Виконт шагнул ко мне, я взвизгнула и отпрыгнула, а виконт замер.
– Вам кто-то подбросил цветы? – пробормотал он. – Взломал магическую печать?
– Не притворяйтесь! – воскликнула я и на всякий случай отступила еще на шаг. – Вы – маг! И не смейте этого отрицать!
Брови виконта столкнулись на переносице.
– Не смею, – согласился он, и добавил: – С буйно помешанными лучше во всем соглашаться.

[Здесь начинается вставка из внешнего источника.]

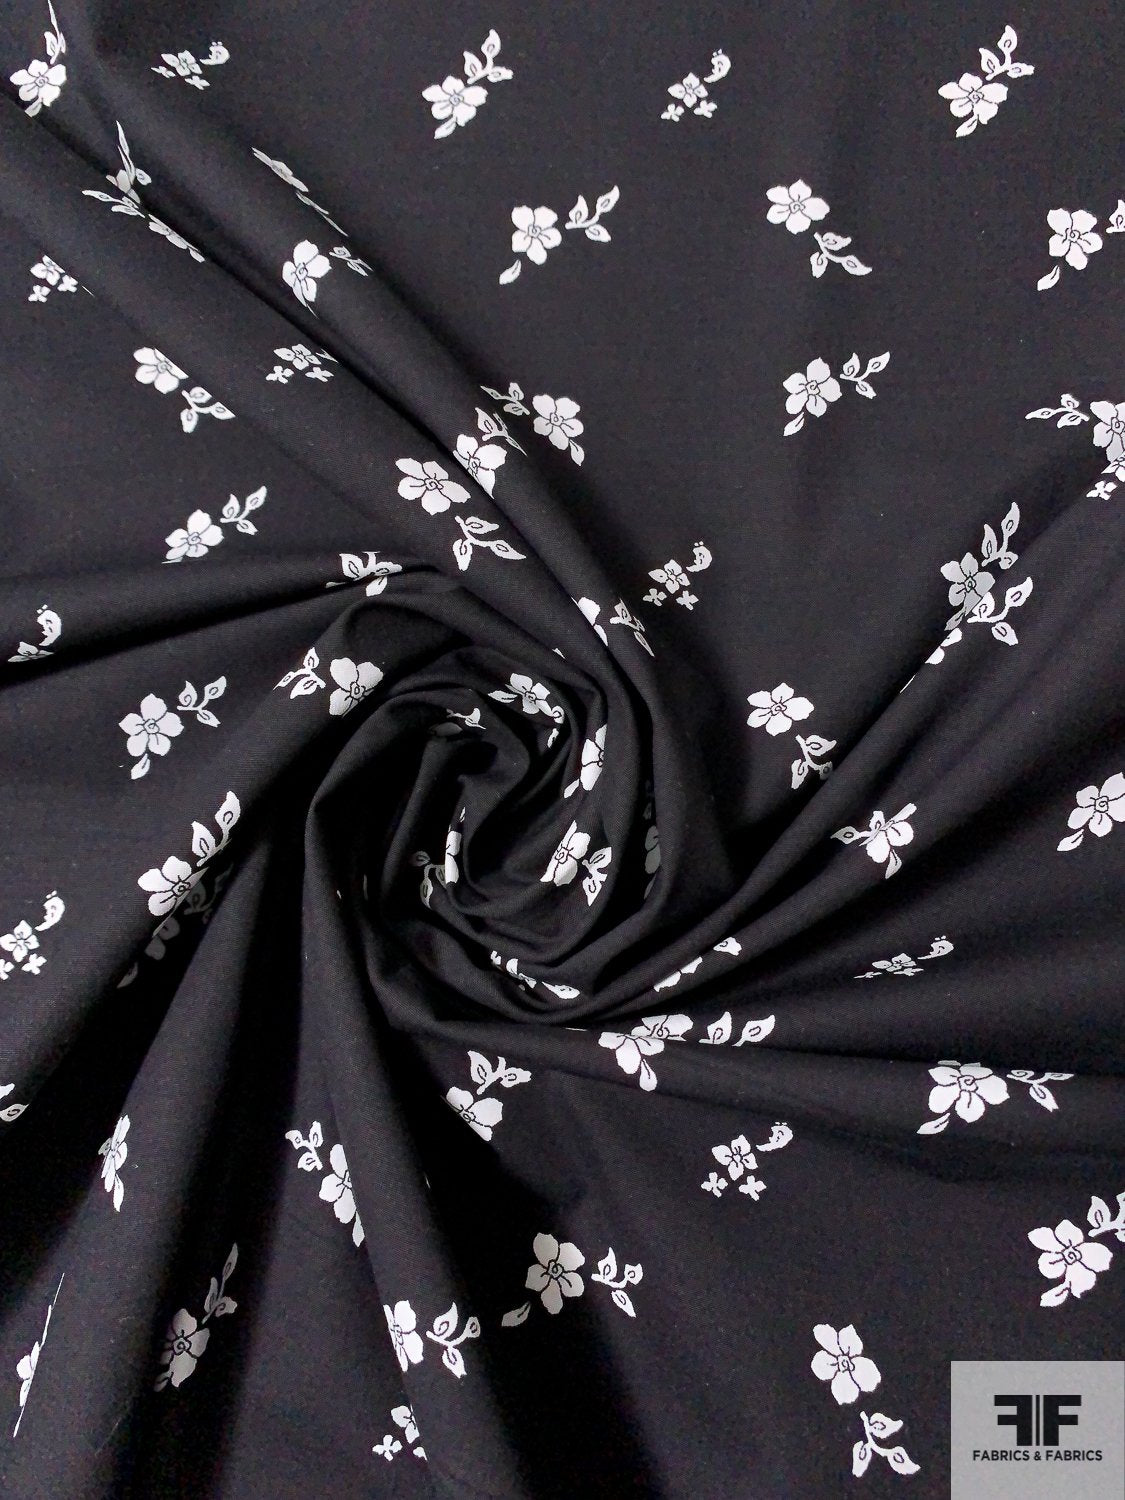 Ditsy Floral Printed Stretch Cotton Poplin - Black/White

Но вообще-то я и близко не маг…
Он сказал это так просто, и прозвучало это настолько правдиво, что у меня заалели щеки.
– Правда? – тихо спросила я.
Виконт хмыкнул.
– О каких цветах вы говорите? – тоном, не терпящим возражений, спросил он.
– О лилии… желтой, – пробормотала я. – Ее вчера в каюте нашла, когда вернулась с прогулки. Я хотела вас спросить, а потом буря и…
– Понятно, – сказал виконт, кривясь. – Так где эта лилия?
– Я, – промямлила я, – я ее сожгла. Она меня напугала.
Виконт опять хмыкнул.
– Очень умно, сжигать улики, – пробормотал он.
– Просто я думала это от вас, – пролепетала я, чувствуя, что сердце сейчас выскочит из груди.
Виконт поднял бровь и чуть склонил голову на бок.
– С чего бы мне… дарить вам цветы, – протянул он.
– То есть мне нельзя подарить цветы? – обиженно спросила я.
Виконт на мгновение опустил взгляд и закашлялся.
– Можно, – проговорил он в перерывах между покашливанием. – Почему бы и нет. Но для этого нужен… День вашего покровителя, или День Цветения Черной Пустоши, или хотя бы день урожая… Или… Черт возьми, Элизабет! Для этого нужно быть Черным принцем!
Пока я ошарашенно хлопала ресницами, пытаясь осмыслить сказанное, виконт, наконец, откашлялся, и спросил настороженно:
– Но вы говорите, кто-то вам подложил цветы ночью?
Я кивнула.
– Амарант, неумирающую любовь, и анемон, отречение, – сообщила я с готовностью. – Только не ночью, а сегодня утром. Цветы совсем свежие… Только что срезанные.
– Ценное замечание, – сообщил виконт.
Я проговорила:
– Мне тоже это показалось важным… Они даже пахнут по-особенному. Так пахнут только самые свежие цветы.
– Я про эту вашу неувядающую самоотреченную любовь, – пояснил виконт, и я с запозданием поняла, что он иронизировал.
– Неумирающую, – сочла своим долгом поправить я.
– Что ж, пойдемте, посмотрим, – пробормотал он. – На неумирающую любовь.
Он старался говорить в своей обычной ироничной манере, но вот складка у бровей не разглаживалась, и взгляд слишком настороженный. Он словно пытался меня успокоить, в то время как сам явно нервничал.
– Ну что же вы застыли? – спросил он. – Идемте в вашу каюту.
– Не пойду, – отчаянно краснея, пробормотала я.
Виконт не стал спрашивать, почему. Он просто замер, руки сложились на груди, а бровь вопросительно поднялась.